Many cellular phenotypes are difficult to infer directly from static measurements of the transcriptome, such as protein expression and localization dynamics, organelle dynamics and distribution, morphological features, uptake of foreign objects, and biomolecular secretion. However, there are myriad live cell imaging and microwell-based assays for characterizing these phenotypes in individual cells. We expect that SCOPE-Seq will serve as a highly scalable, accurate, and economical approach to linking live cell microscopy assays to scRNA-Seq, enabling investigation of the transcriptional underpinnings of the resulting phenotypes. In addition, with the multiplet detection capability, one can potentially achieve approximately fivefold higher throughput by more aggressive cell loading, although this is subject to the caveat that background from molecular cross-talk could increase.

The current implementation of SCOPE-Seq has important limitations, motivating future improvements. The use of separate optical and sequencing barcodes requires an extra step-sequencing of bead-free libraries.
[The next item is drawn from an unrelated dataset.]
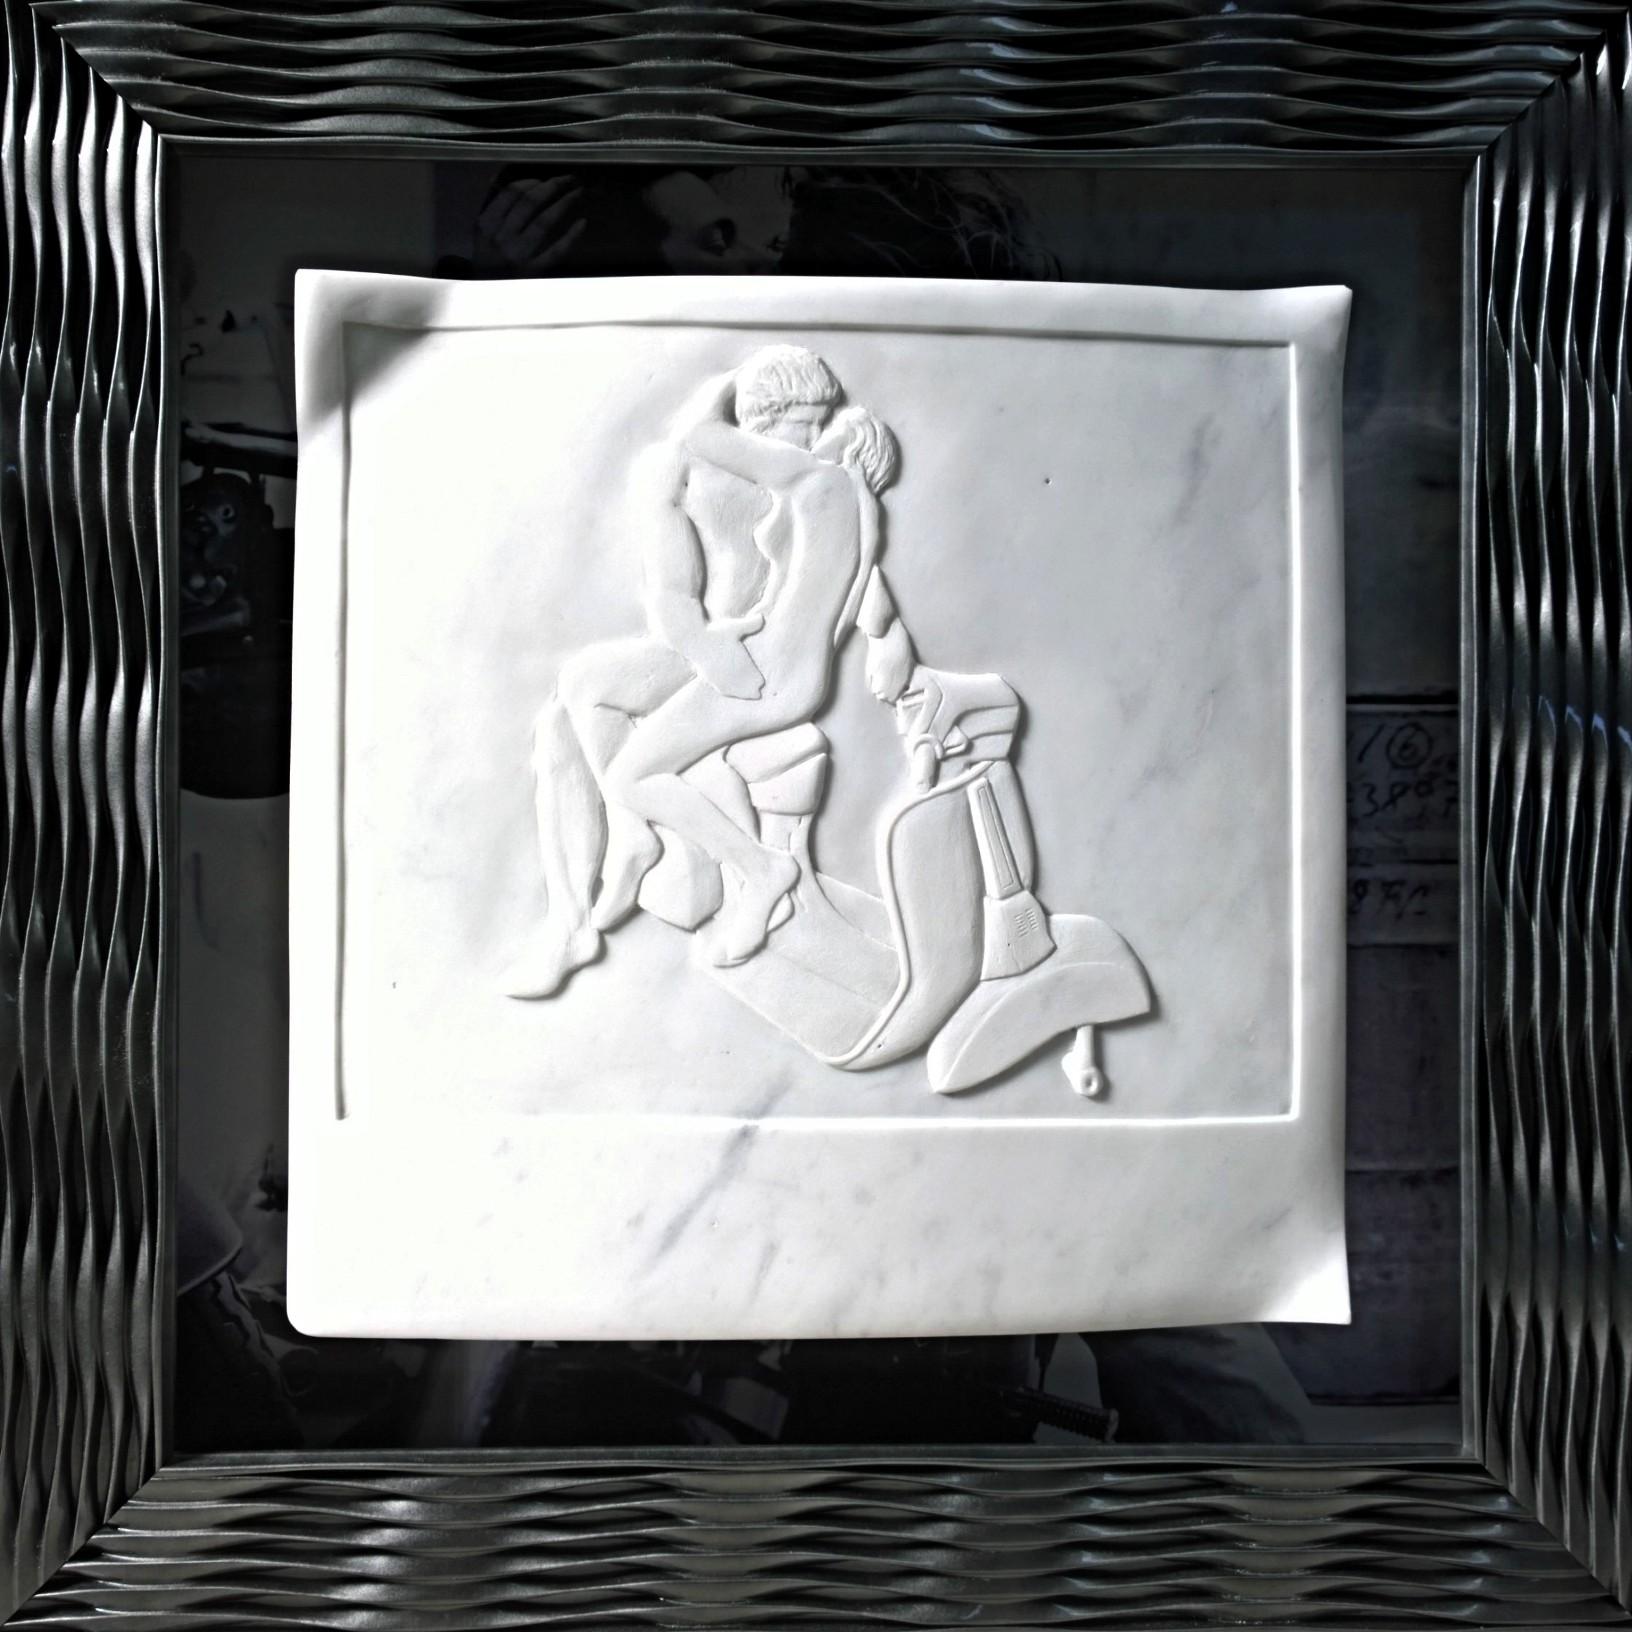 Nazareno Biondo lovers vespa marble on frame, 61x61x8cm, 2017

Future implementations will use oligonucleotides in which the optical and sequencing barcodes are the same DNA sequence. OBO ligation to a subset of mRNA capture sites on the beads also leads to reduced molecular capture efficiency for the corresponding scRNA-Seq libraries relative to beads without optical barcodes (Additional file 1: Figure S1). Finally, the multiplexing capacity of the beads in our proof-of-concept experiment is relatively modest, which precludes an error-correcting code. While our current linking accuracy is high, both the yield of optically demultiplexed cells and accuracy could be improved with such a code.

The scheme presented here for linking cellular phenotypes to sequencing could also be generalized beyond single-cell analysis. Microscopy experiments on small multi-cellular organisms, organoids, or colonies could be linked with sequencing. Additionally, the optically decodable bead array could be used for spatial transcriptomic analysis as demonstrated previously with printed microarrays [15]. One advantage of optically decodable beads over printed microarrays [15, 16] is that beads can be prepared in a large batch for use in many experiments starting from commercially available “Drop-seq” beads with relatively simple tube-based reactions. We hope that this economical approach will serve as a powerful tool for connecting high-throughput microscopy and sequencing on multiple scales.